Brainteaser

[Rovers]

One one of the doors is elimated, the odds are 50-50.

 

Easy's example is rigged. He removed all of the cards except the ace unless in the unlikely event that the ace was pulled. out of the full deck.

 

Assuming the prize door does not get changed, it's no a 50% probablilty. For Easy's example to work, the unknown must be removed. take the two last reamianing cards and shuffle them. The odds go back to 50%. Look at it this way...

 

If it were known that one door would be opened, being one of the two goat doors, the player actually had a 2 in 3 chance of not picking the goat door Monty opened.

[redrumjuice]

The odds do not change. Once they reveal a door, the odds you are playing with are the same.

 

If you play with 2 doors, it's 50/50.

 

If you play with 3 doors, and they reveal one, well 50/50 again.

 

You can write it down and proof the odds are in your favor, but you will just be wasting time and not changing anything.

[Rovers]

The only way to prove or disprove this is to do it 1000 times. Then and only then can I buy into it.

[Big Country]

So without any more math talk, that means you'd change the door from the one you picked, even though you can now see with your own eyes that it is just as likely to be wrong as it is right?

 

I don't really see how what happened in the past now gives you a statistical advantage to change. Regardless of whether you were right in the first place, they open one of the wrong doors, so you gain no additional insight at this stage of the game, where your odds are 50%.

 

Aside from being technically correct, I don't see how it gives you any advantage either way, now that you have a second choice to make between two doors.

 

 

The thing is you are not making a new, independent choice. If you were, and the were shuffling the prize, then yes, it is 50/50, but that is not the case.

 

Look at it this way.

 

Are you more likely to win with Door A or with both Door B and C?

 

I'll take the two doors every day of the week and twice on Sunday. I know one of the doors on my side is a blank, but I still have a 2 in 3 chance of being right, even after they have shown me which one of the doors is blank.

[delusions of grandeur]

The thing is you are not making a new, independent choice.
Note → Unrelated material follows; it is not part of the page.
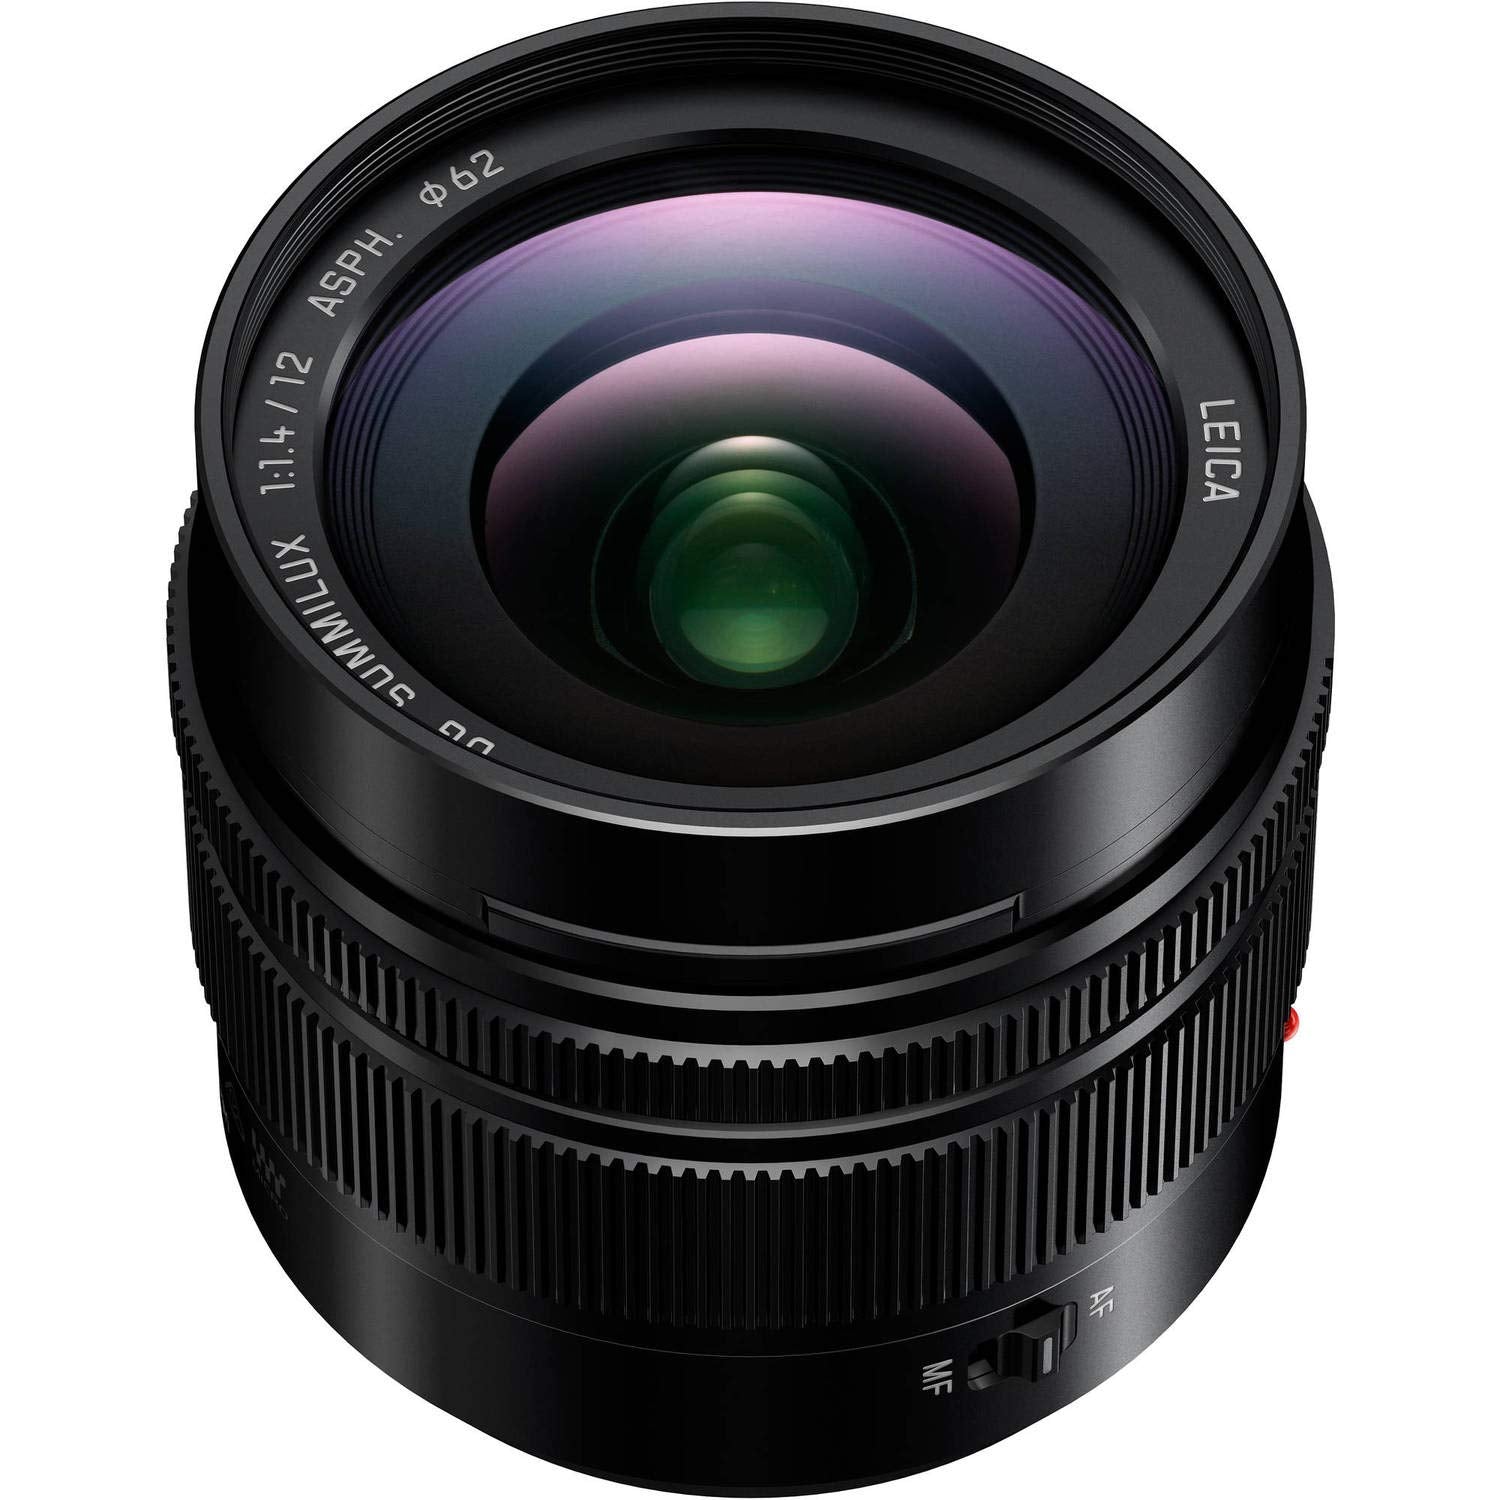 Panasonic Leica DG Summilux 12mm f/1.4 ASPH. Lens with Filter Kit, Lens Case, Cleaning Kit and Extended Warranty

If you were, and the were shuffling the prize, then yes, it is 50/50, but that is not the case.

 

Look at it this way.

 

Are you more likely to win with Door A or with both Door B and C?

 

I'll take the two doors every day of the week and twice on Sunday. I know one of the doors on my side is a blank, but I still have a 2 in 3 chance of being right, even after they have shown me which one of the doors is blank.

 

I really don't think that's applicable for hokey game-show game of "You choose, I'll tell you which one it ain't, and we'll go from there"....

 

Although at first there may appear to be a 33% you could be correct, that's not really the case... One of those doors is determined to be eliminated from the get-go... So you're really only choosing between 1 non-donkey door, and the 1 donkey door that they don't arbitrarily choose to eliminate based on your previous decision.

 

There never is a "real" first round where it's 33%, because all that round is, is an elimination round of the wrong choices, with no chance of being right. This decision begins in this case, as is shown by the picture in Opies' link, when the only two legitimate options are left...

 

I completely disagree that 1 door gets upgraded to 66%, just because in a hokey game another became 0%.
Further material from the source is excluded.